185. Wavertree and iron-hulled ship built in 1885 in Southampton and today the largest iron sailing ship left in the world. It was built for jute trade between India and Scotland before becoming a tramp-trader. After a long working life it was turned into a sand-barge in Argentina, where it stayed until being discovered and purchased for the South Street Seaport Museum in 1967.










186. The view of the area from Brooklyn Bridge.










187.










188. And from the other side of the river...










189.










190. The two bridges.


----------



## diddyD (May 12, 2014)

Really superb pics^


----------



## El_Greco (Apr 1, 2005)

191. The financial district.










192.










193.










194. Good mix of architecture here.










195. Close up.










196. The National September 11 Memorial. It is a beautiful and moving place. I didn't want to take too many pictures in a place like this, but I think this shot captures it nicely. Even more so - as the names show this was attack not just on New York but the World too.










197. Walking to Chinatown.










198.










199.










200. Cooool!


----------



## afonso_bh (Feb 28, 2007)

streetscapeer said:


> I've been living here for 9 years, and frankly I still haven't gotten used to it :cheers:. I'm always looking up, always admiring the near-perfect streetwalls of highrises and skyscrapers that go on for so long in all directions. It's really a sight to see.
> 
> But I think most impressive is the Financial District. It's a maze of _tiny_, _curvy_ streets that are lined with some of the tallest and oldest skyscrapers in the western world.

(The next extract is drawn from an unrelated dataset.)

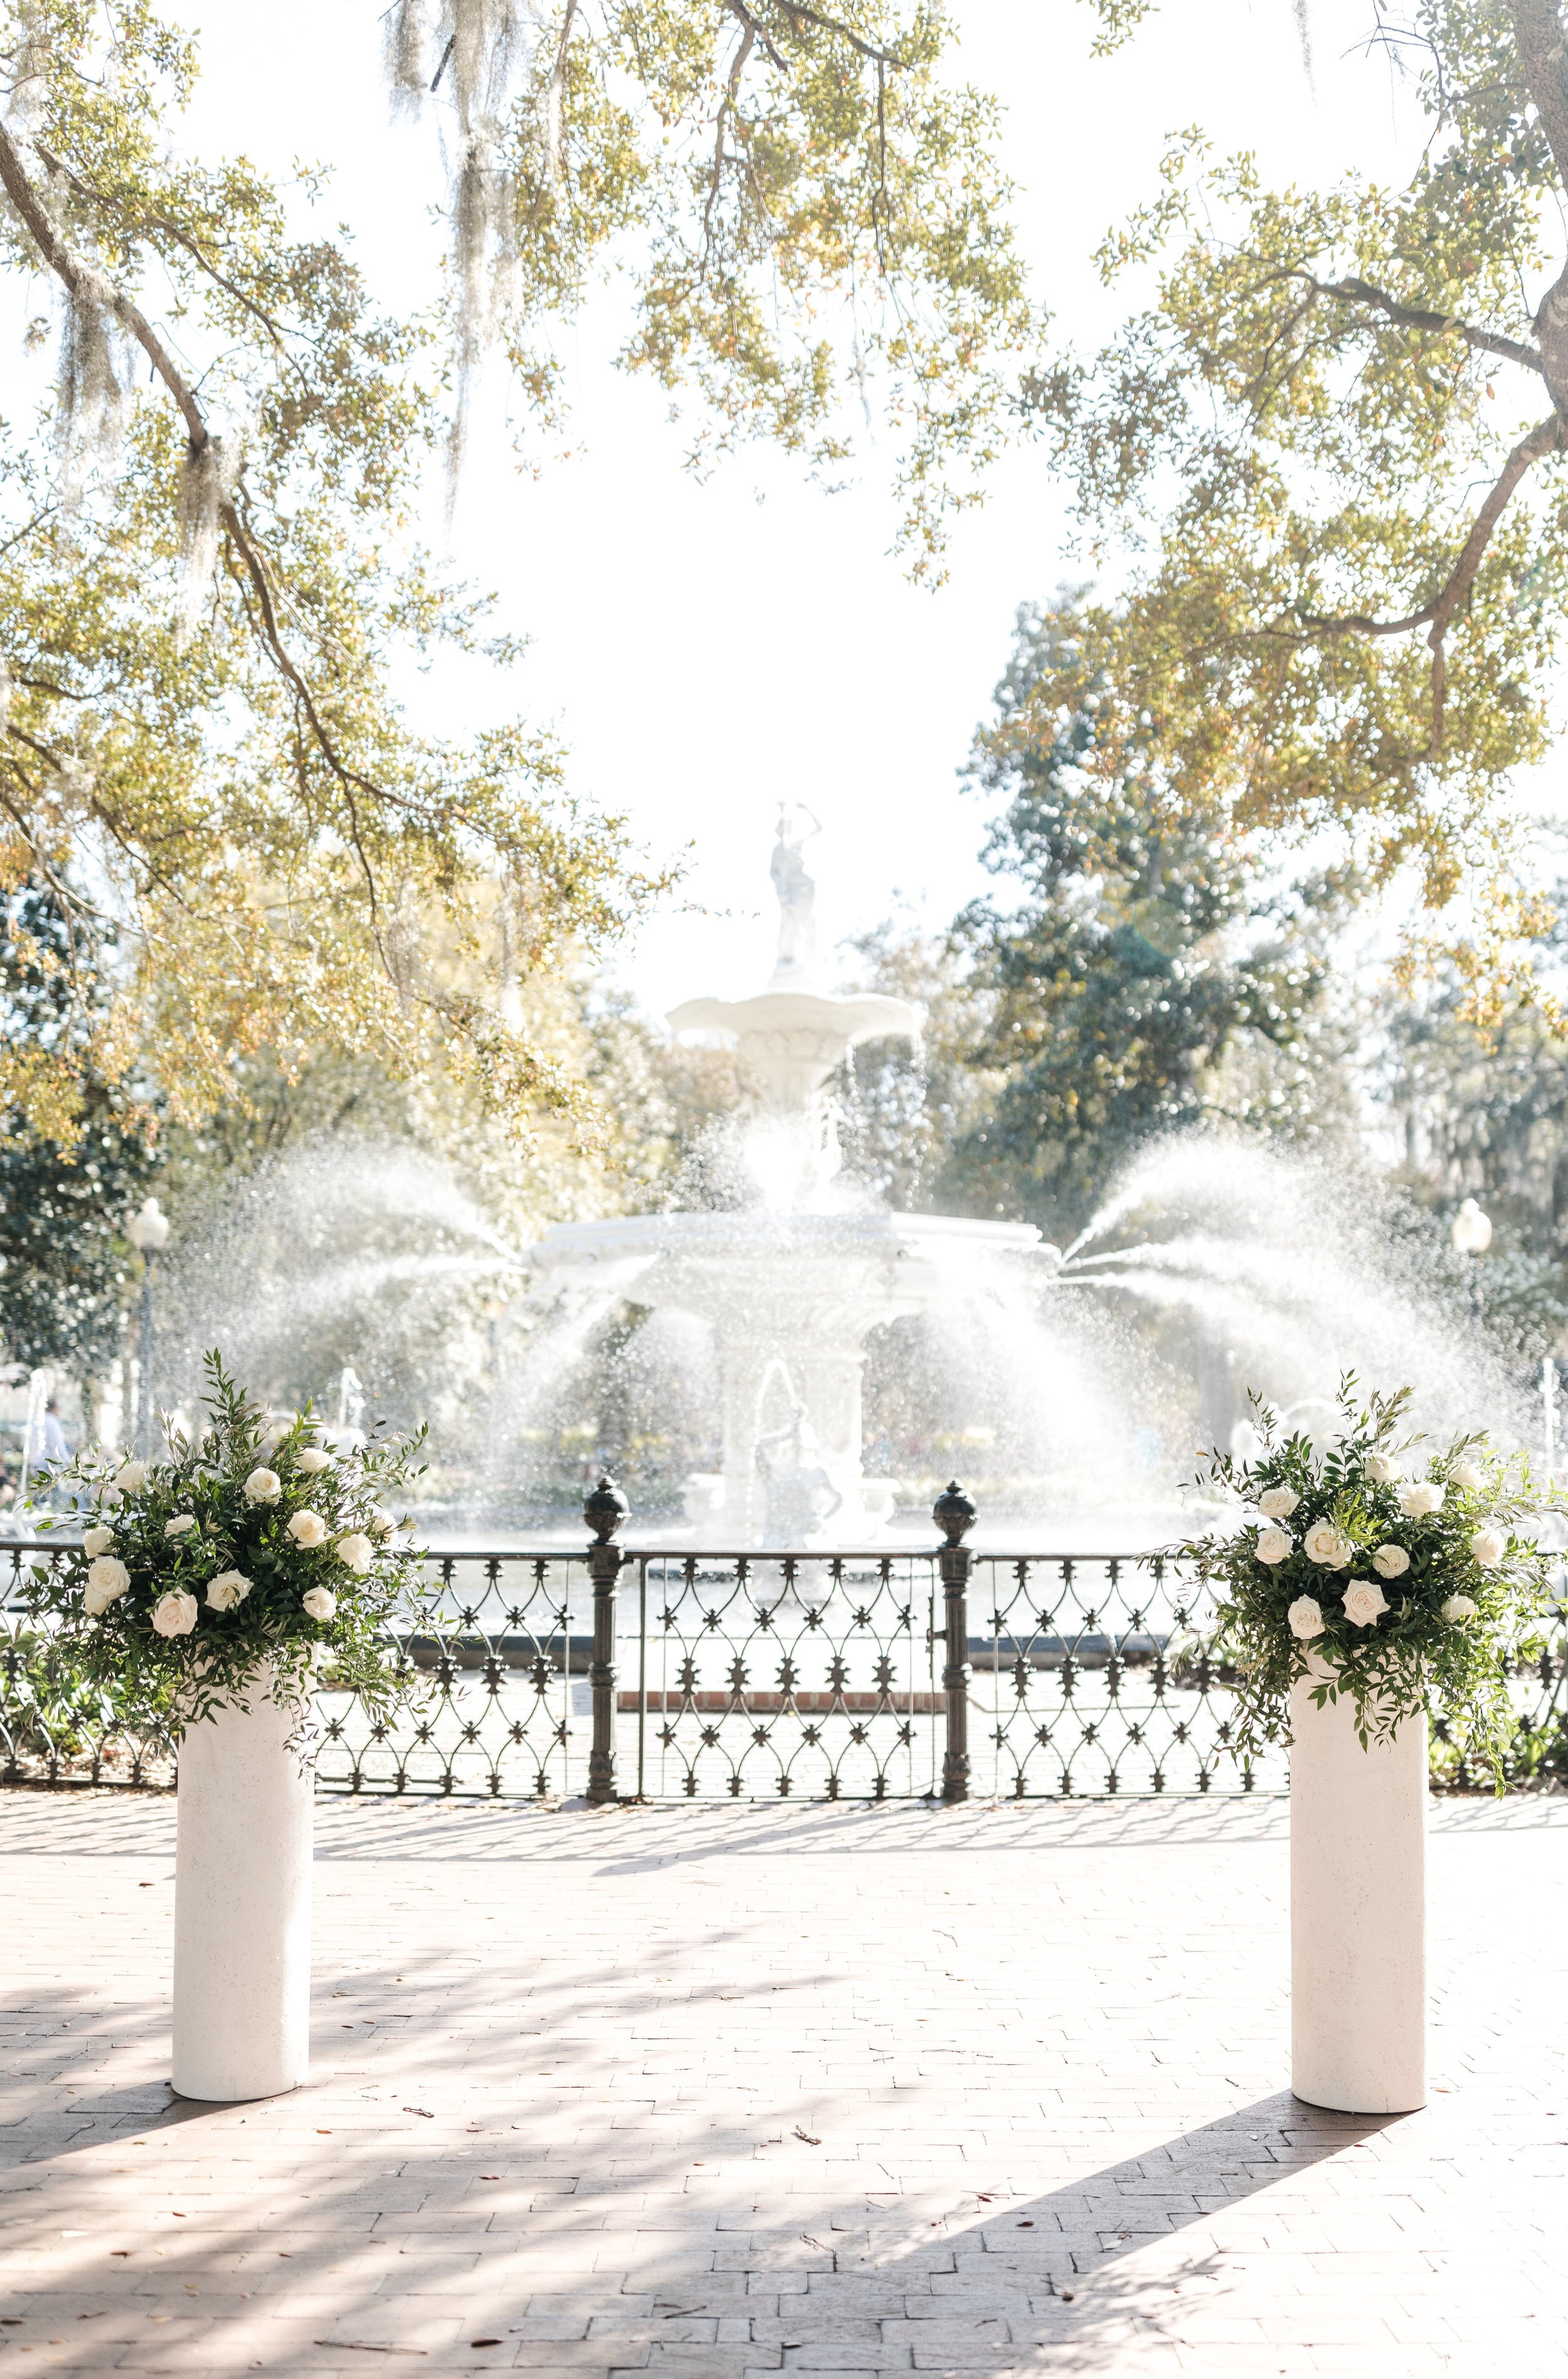 ivory-and-beau-wedding-and-florals-annelise-and-preston-wedding-blog-savannah-wedding-savannah-wedding-coordinator-savannah-florsit-wedding-florist-southern-wedding-forsyth-park-fountain-soho-south-savannah-wedding-gmp20199345-478.jpg

This altogether forms a canyon effect on many streets that is really out-of-this-world and must be seen in person to truly grasp.
> 
> Great pics!


Agreed. There's nothing like Financial District.


----------



## shik2005 (Dec 25, 2014)

Great thread! :applause:


----------



## streetscapeer (Apr 30, 2004)

Great pictures!


----------



## raider12 (Jun 10, 2011)

Jesus


----------



## El_Greco (Apr 1, 2005)

Appreciated! kay:


----------



## Benonie (Dec 21, 2005)

Stunning!


----------



## raider12 (Jun 10, 2011)

196. The National September 11 Memorial. It is a beautiful and moving place. I didn't want to take too many pictures in a place like this, but I think this shot captures it nicely. Even more so - as the names show this was attack not just on New York but the World too.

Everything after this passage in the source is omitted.